Lighting A Flame In Space Could Help Fuels Burn More Cleanly On Earth | St. Louis Public Radio

Lighting A Flame In Space Could Help Fuels Burn More Cleanly On Earth

May 21, 2019

NASA scientists are lighting flames on the International Space Station to help a Washington University engineer learn how soot forms from fire.

The NASA Glenn Research Center in Cleveland, Ohio is conducting the flame experiments remotely. The space agency is sending data to researchers who are exploring ways to eliminate soot so that fuel can be burned more cleanly.

Scientists have debated how much the Earth’s gravity plays a role when fire creates soot, Washington University environmental engineering professor Richard Axelbaum said. Lighting flames in a location with little gravity could test their theories and help improve air quality on earth.

“If we’re trying to develop new approaches to trying to control pollutants, by better understanding the basic processes, we’ll be able to propose different approaches to doing that," Axelbaum said. 

The first phase of the six-month experiment will focus on gaining a basic understanding of how fire forms soot. The second will look at whether strong flames can be created without forming soot. The researchers at the NASA Glenn Center are lighting flames that are between one to four inches.

Astronaut Christina Koch helped researchers set up the apparatus used to light flames and send scientists data that could inform them how soot forms.
Credit NASA

While soot can be harmful to human health, it’s also useful as a material for some industries. The material carbon black, which results from the incomplete combustion of petroleum, is used to make tires. Knowing how flames create soot could also help ongoing research on carbon storage, Axelbaum said.

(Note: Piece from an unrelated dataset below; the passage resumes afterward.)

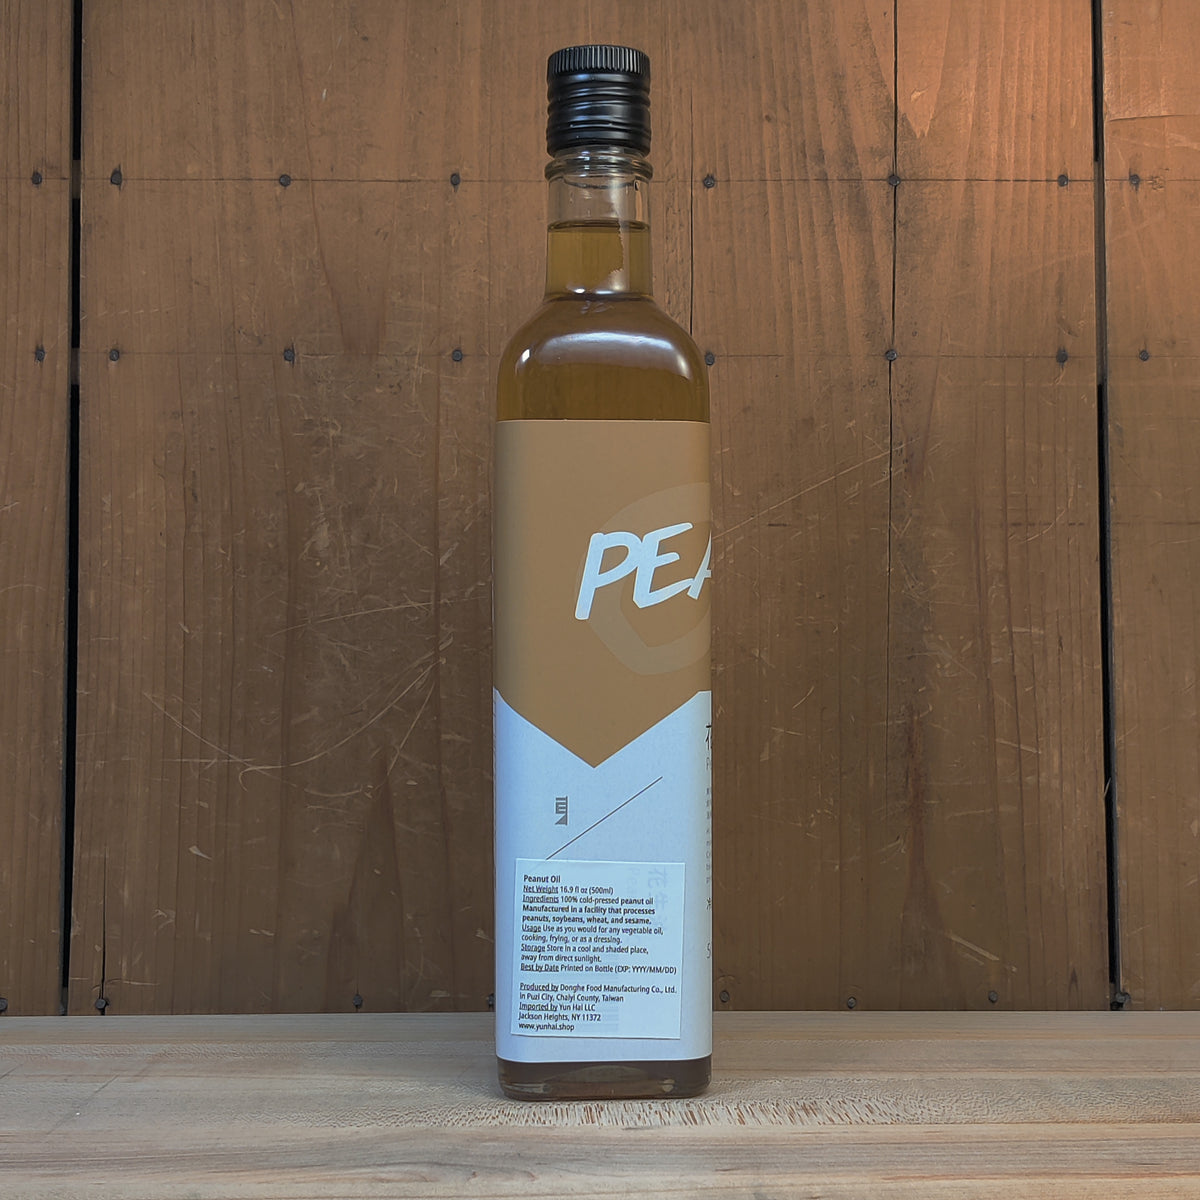 Dong He Cold Pressed Peanut Oil - 500ml
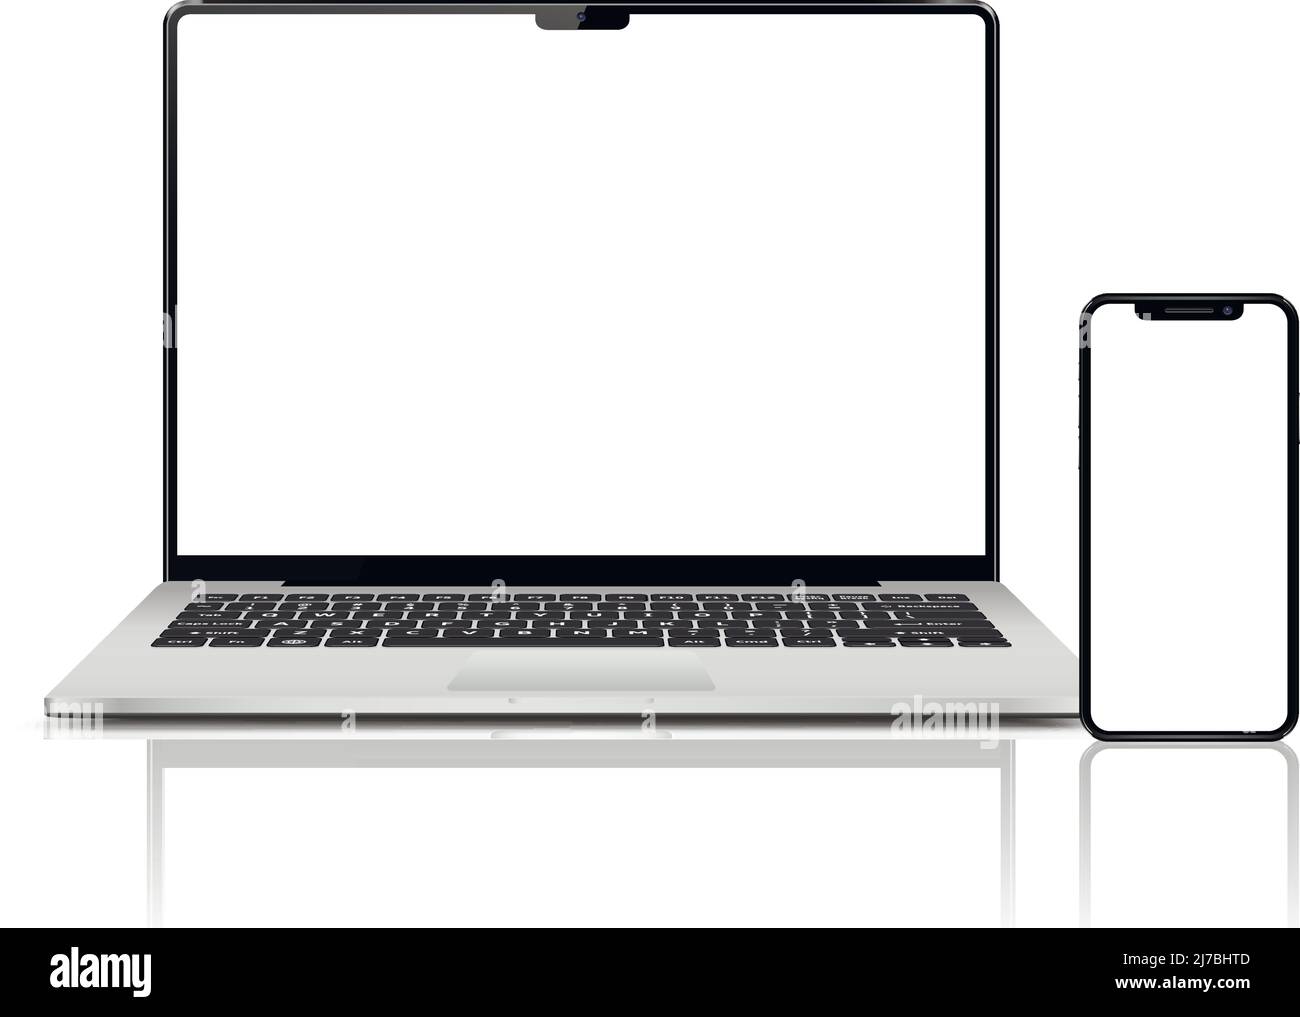 Laptop computer and mobile phone mockups isolated on white background Stock Vector

Flames behave differently when there’s a low presence of gravity. On earth, the flames shoot straight up. In space, they form a sphere. Fires in space would also not spread as easily as they do on earth. When there's gravity, hot air rises, allowing cooler air to come in and fuel the combustion. In an environment that lacks gravity, there's less fresh air to fuel the flame, Axelbaum said. 

“Since it’s an environment that’s so different from what we’re used to, then our preconceived notions of what will happen are just off,” Axelbaum said. “What we’ve found already with these experiments [is] that there’s new phenomenon that we’re witnessing. The discovery of new knowledge is always important, and you don’t know where it’s going to go, but you have to be there to find out.”